This permutation P is then applied to the input data i, producing a double wide output vector o. This output vector is returned in vectors o1 and o2, along with condition code c, which is zero when m contains more zeros than ones, and one otherwise (the choice is arbitrary when there are equally many zeros and ones, but should be consistent). In essence, c specifies which of the two result vectors o1 and o2 contains uniform data (i.e. elements that all share the same condition with respect to m).

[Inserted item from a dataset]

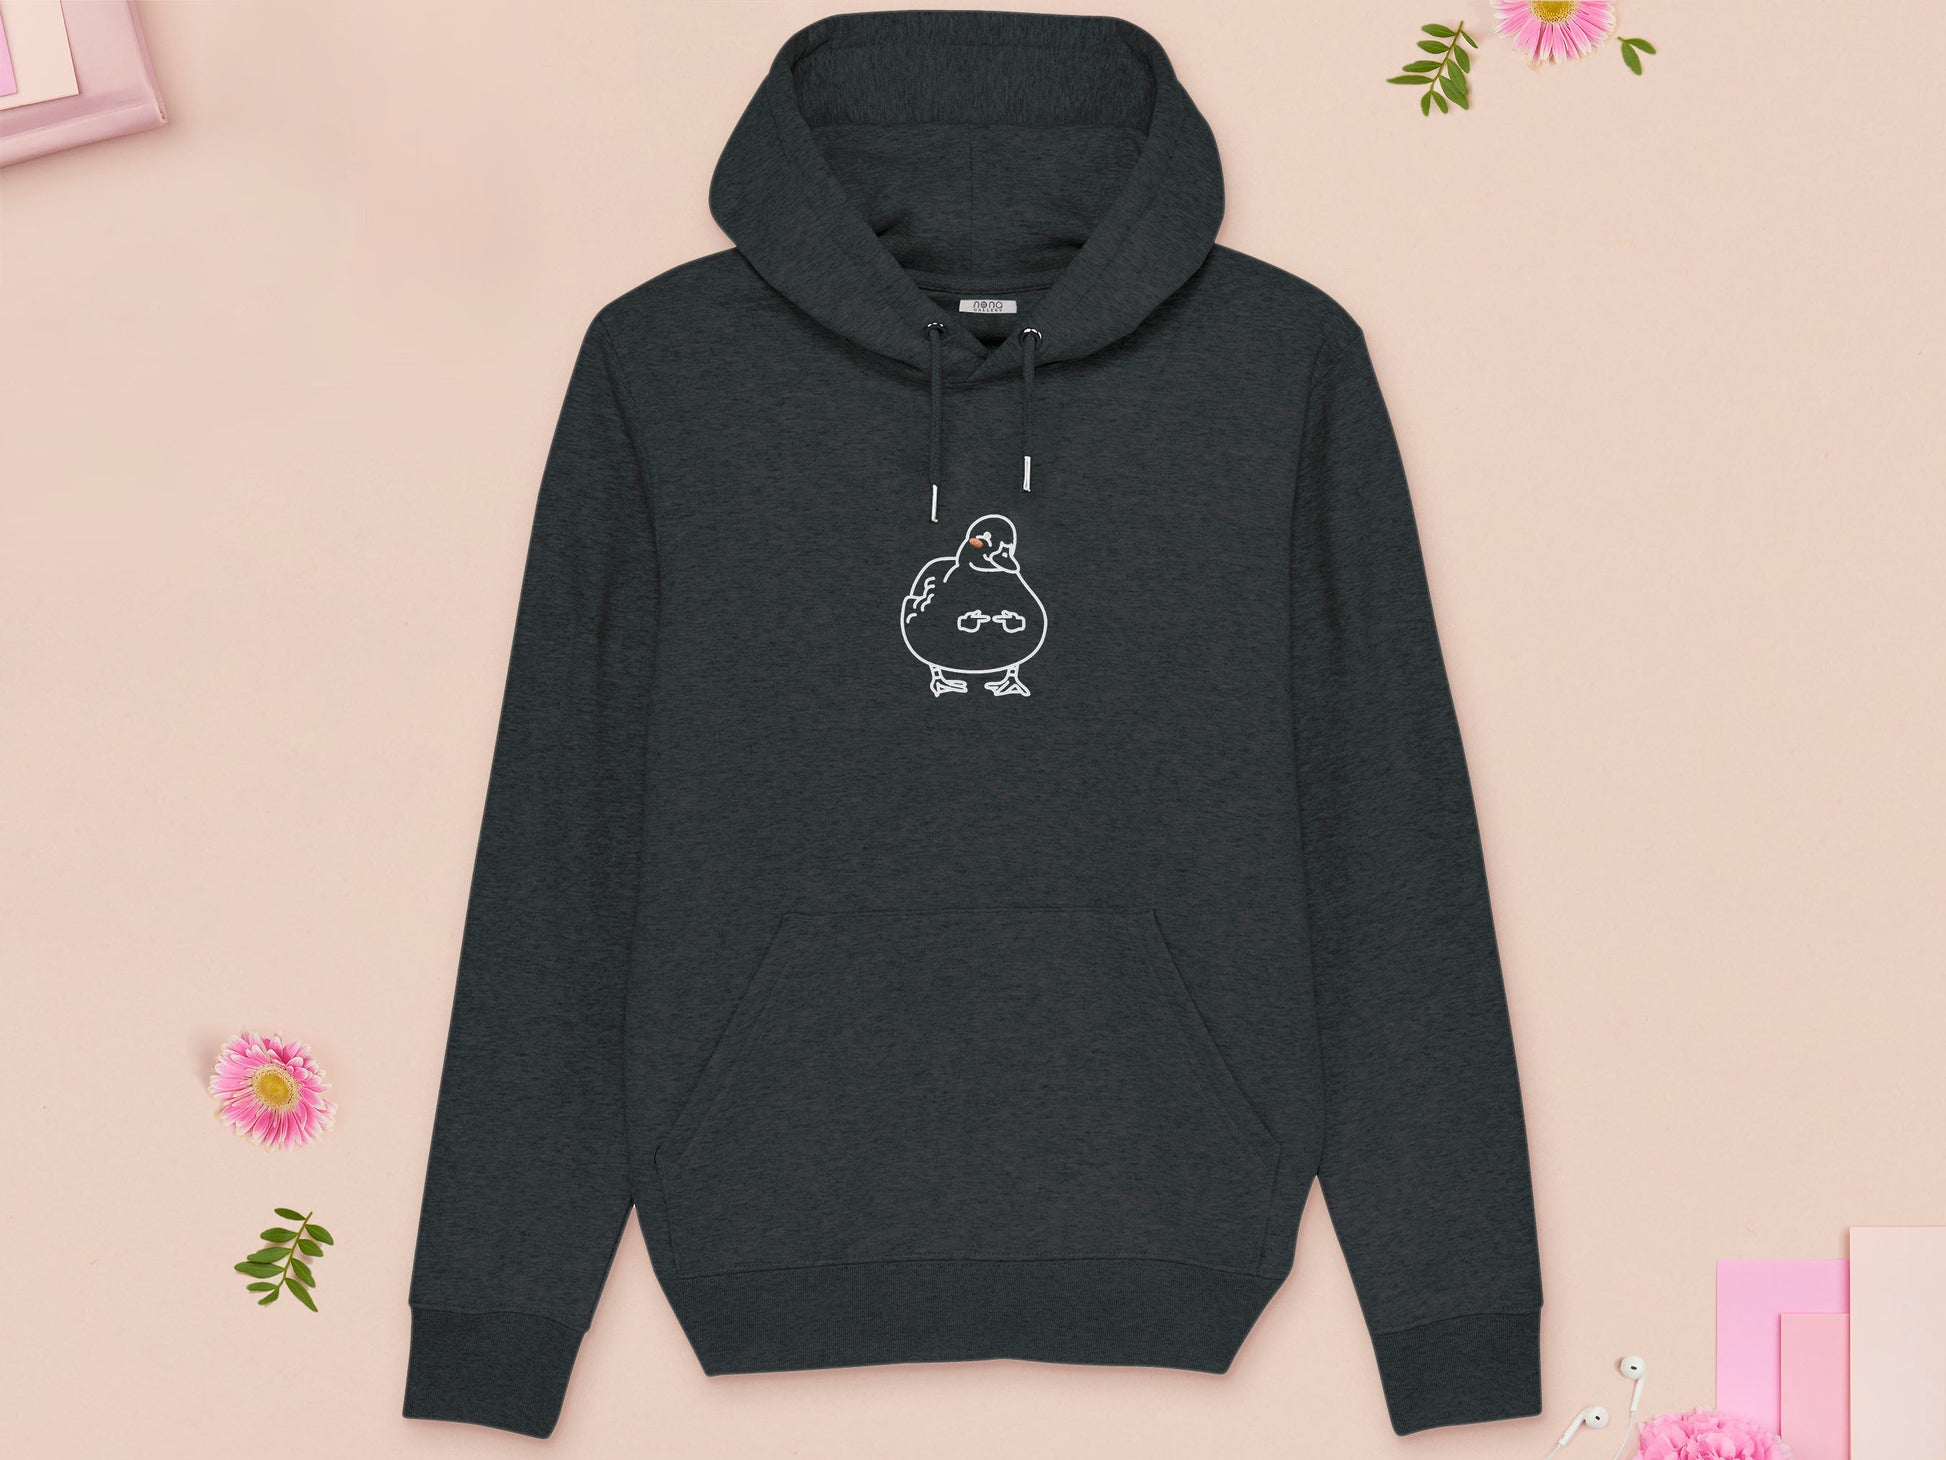 A grey long sleeve fleece hoodie, with an embroidered white thread design of cute blushing duck with the for me finger hand emoji symbols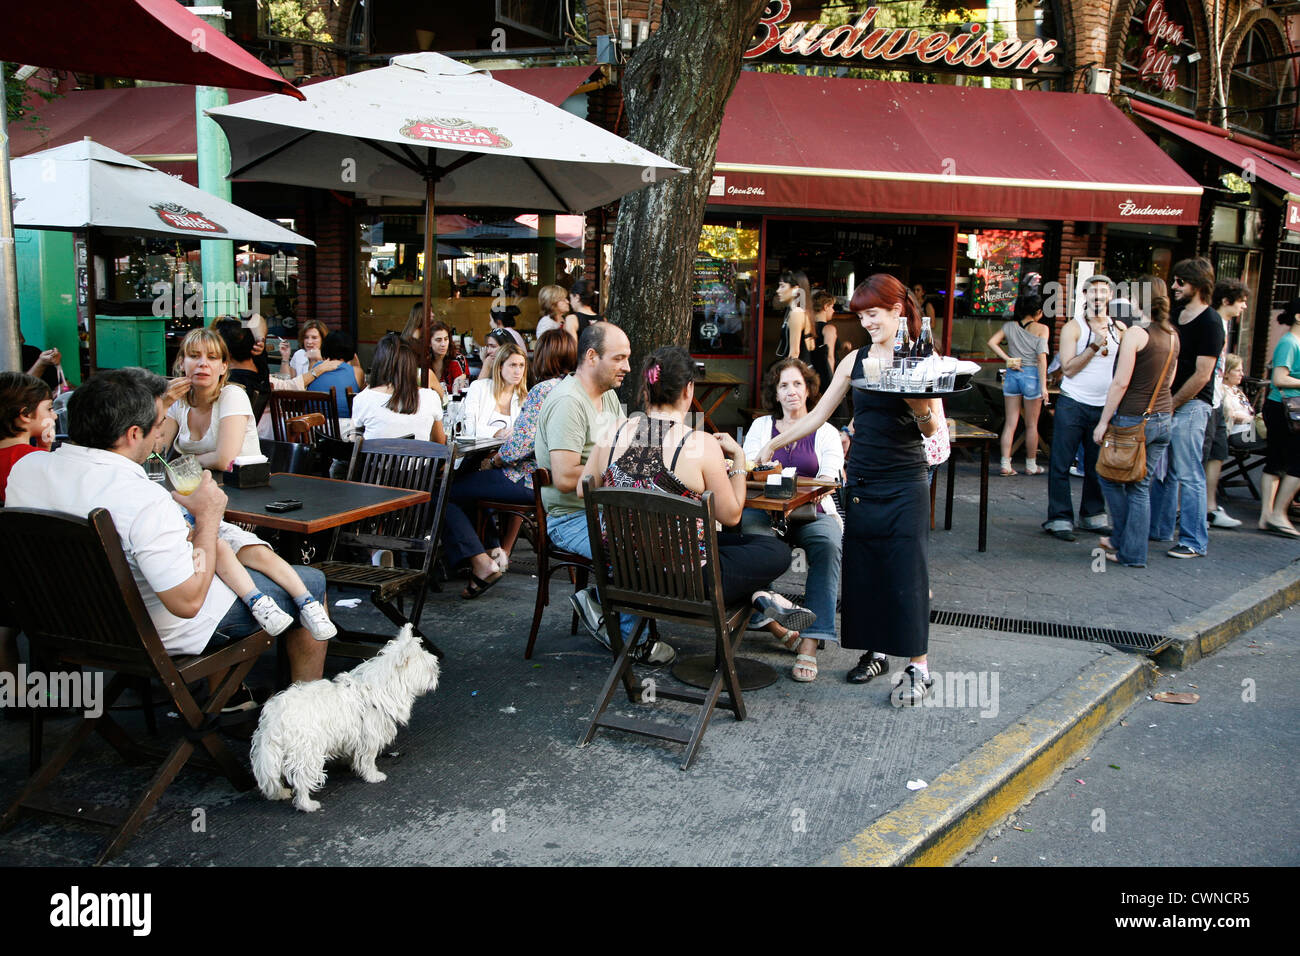 People sitting at an outdoors cafe at Plaza Serrano in Palermo Soho, Buenos Aires, Argentina. Stock Photo

The intended usage of this instruction is as follows: i1 and m1 are carried over from the previously processed vector. New data is placed into i2 and m2. Then the split is performed to create one vector full of uniform data items. A scalar branch is needed to determine which of the two halves is ready for processing in this iteration. The respective program path does its work, and then places the unprocessed non-uniform half into i1 and sets m1 appropriately. Rinse, repeat.

That's it. We have successfully replaced control flow with data flow. We still need a scalar branch instruction based on c, but that is only one branch per vector rather than one branch per element. And we no longer carry dead weight in vector registers in the form of elements that are predicated "off".

Some of the hardware complexity can be handled by basing VPSPLIT on a standalone VPERM. In that case, VPSPLIT would produce just the permute control vectors and a scalar condition code. Theoretically it would suffice to generate only the permute control for one half of the result. But then the overhead grows to the point where VPSPLIT cannot provide a benefit in the frequent case where one conditional path does nothing at all, and the other path does relatively little work.

Pitfalls: one might think that inputting a condition code instead of two mask vectors is a good idea, because this reduces the number of inputs and the mask can still be generated internally. But doing so actually makes the instruction less powerful, because while you can still split the data, you can no longer split the vector of addresses that remembers where the data came from.

Disclaimer: as far as I am aware, I was the first person to describe this "conditional vector pair split" instruction. However, I am standing on the shoulders of giants: there is an ancient "bit gravity" instruction from mainframe days, as well as a single vector version of split from Cray's times. As far as I am concerned, both these earlier forms could be considered prior art. Nevertheless, you have my permission to take my contribution and run with it. I hereby put it in the public domain.